Вместе в бой
Пойдем вперед,
Или вместе умрем.
Ярош стоит у открытых дверей. Он бросает прощальные взгляды на замерзшую реку Самару и южноуральские колхозы, заснеженные холмы и леса немые свидетели маршей, стрельб, атак, которые осуществляла его рота во время многочисленных учений и которые стоили его бойцам много пота.
2
Ожидание в августе 1939 года в Лиготке Камеральной было невыносимым. Они убивали время, чем могли: игрой в шахматы, картами, посещением трактира, прогулками по окрестностям, загорали в саду и просто валялись в душной мансарде на матрацах. Много дискутировали о всевозможных проблемах. Рассказывали друг другу о своей жизни, о тех приключениях, которые перенесли при переходе через границу. Одному помогли железнодорожники, спрятав его среди ящиков в товарном вагоне, другого через шахтные коридоры провели на польскую территорию шахтеры, третий, так же как и Ярош, притворился косцом, работающим в поле, и в удобный момент пересек границу
23 августа 1939 года и поручик Ярош наконец дождался сообщения о том, что ему разрешено пребывание в Польше и он может отправиться в Краков, чтобы присоединиться там к группе чехословацких военных эмигрантов.
Можно легко себе представить радость, спешку получившего такое известие. Как еще вечером счастливчик собрал свои нехитрые пожитки, как он идет в канцелярию для оформления соответствующих документов, как весело прощается со стражмистром Крещовским, а потом и с ребятами, своими новыми друзьями, которым предстоит поспать еще несколько ночей в мансарде трактира. Проститься непременно надо и с трактирщиком Хробоком, с его женой и вообще со всеми, с кем здесь познакомились.
До видзенья!
До свидания, всего вам хорошего!
Последняя ночь в мансарде. Полтретьего утра, еще темно, хотя уже чувствуется приближение рассвета. В пруду квакают лягушки, в курятниках орут петухи, где-то воет собака. Счастливчики встают, потихоньку надевают брюки, рубашки Им не хочется будить своих товарищей, но те все равно не спят.
Ну что, до свидания, ребята!
Невыспавшиеся, поеживающиеся от утреннего холода, они садятся в старенький автобус, стоящий на деревенской площади.
Интересно, какой дорогой поедем?
Чего ты спрашиваешь, главное, что мы наконец поехали.

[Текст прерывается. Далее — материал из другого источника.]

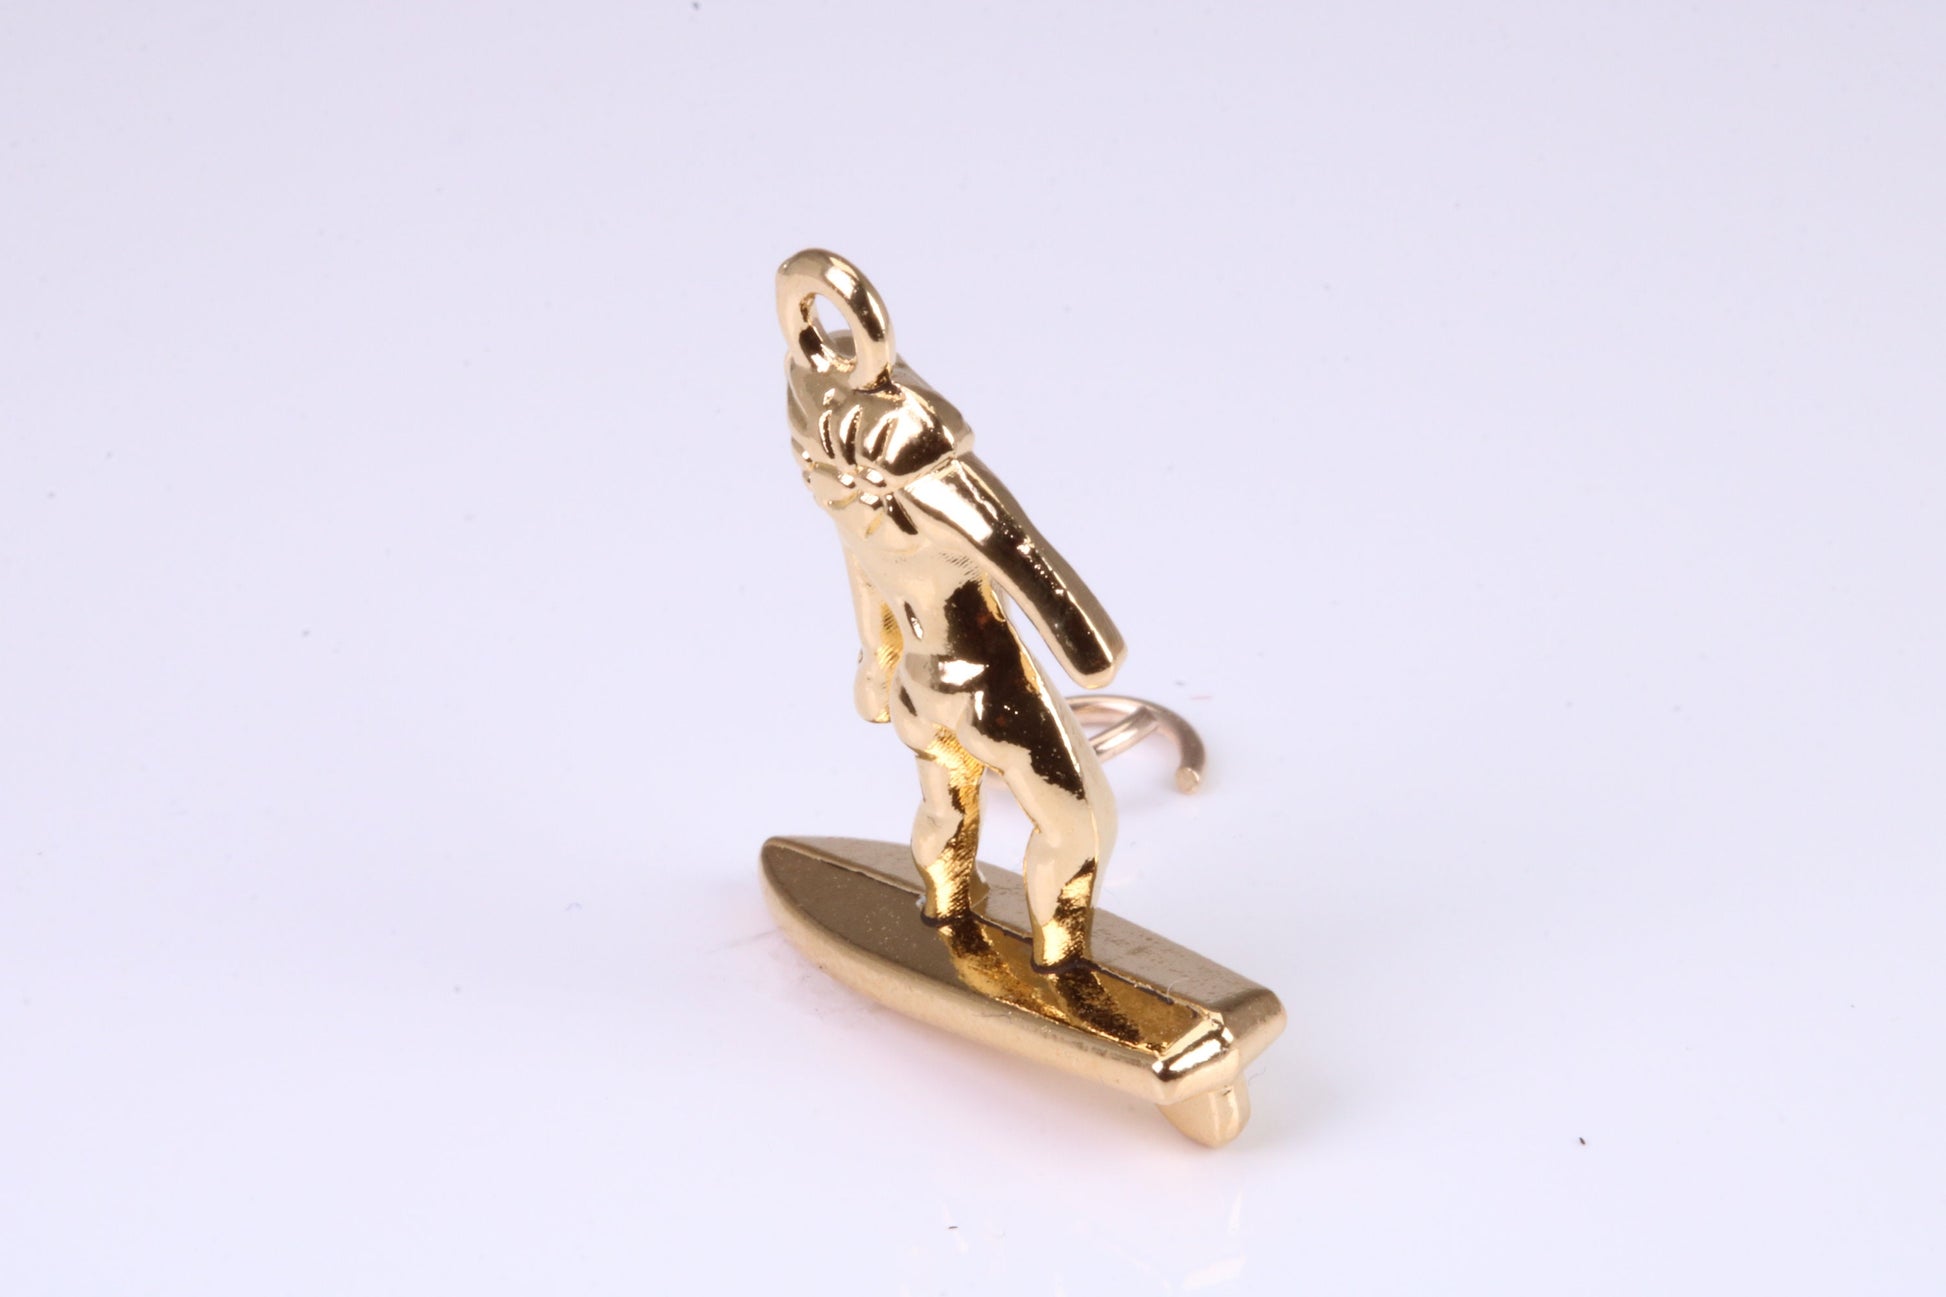 Surfing Girl Charm, Traditional Charm, Made from Solid Yellow Gold, British Hallmarked, Complete with Attachment Link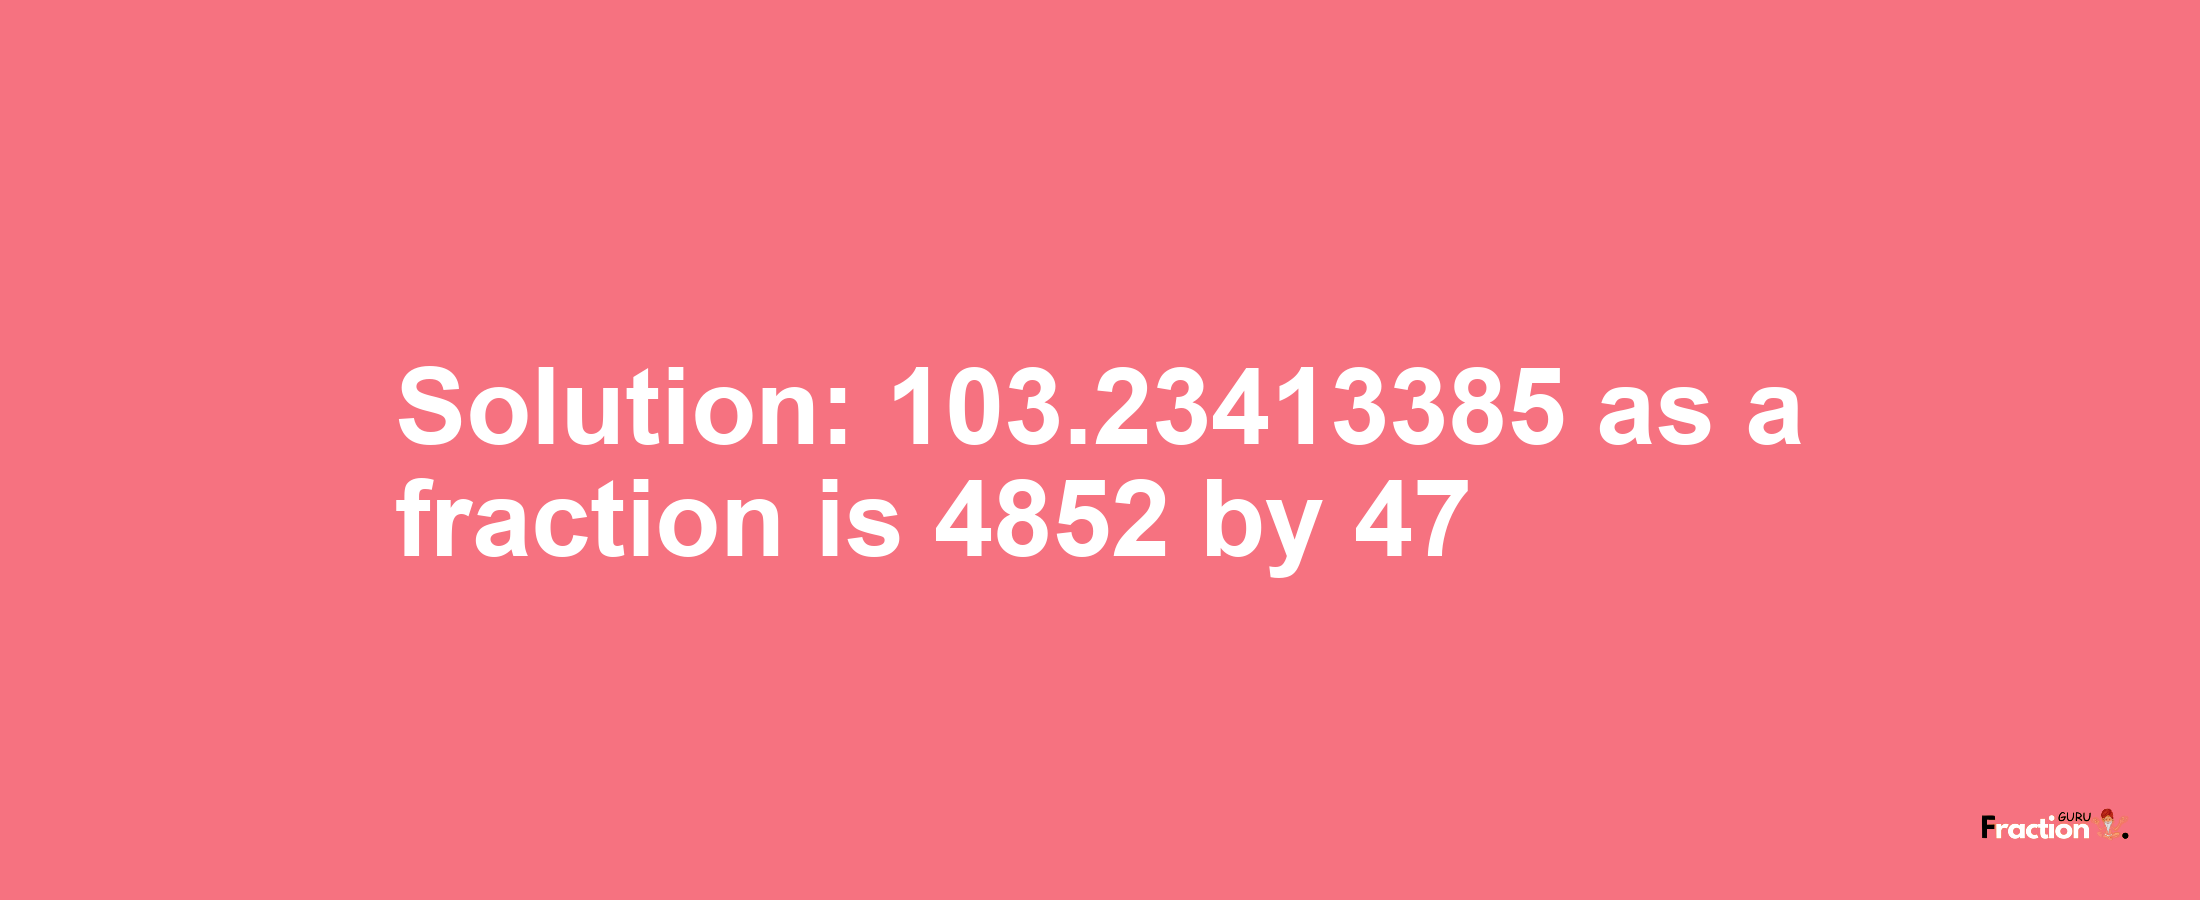 Solution:103.23413385 as a fraction is 4852/47

Около часа автобус буквально вытряхивал из них души, прежде чем остановился у одного из зданий в Тешине. Здесь они присоединились к чешским военным эмигрантам, перешедшим польскую границу в других местах. Некоторые из них находятся здесь уже несколько дней. И вот сегодня, соединенные в одну группу, они дружно шагают на вокзал. К перрону пыхтя подошел поезд, идущий на Краков. Добрых две дюжины чехословацких беглецов быстро занимают специально отведенный для них вагон. Сильные руки открывают окна, наружу высовываются головы. Еще раз окинуть взглядом станционные постройки чешского города Тешина, теперь оккупированного войсками панской Польши, запечатлеть в памяти вид тешинского вокзала В эту минуту в жизни каждого из этих парней начинается что-то совершенно новое, неизведанное. Поезд, медленно набирающий скорость, гремя на стрелках, увозит их навстречу событиям, скрытым пока еще мраком неизвестности.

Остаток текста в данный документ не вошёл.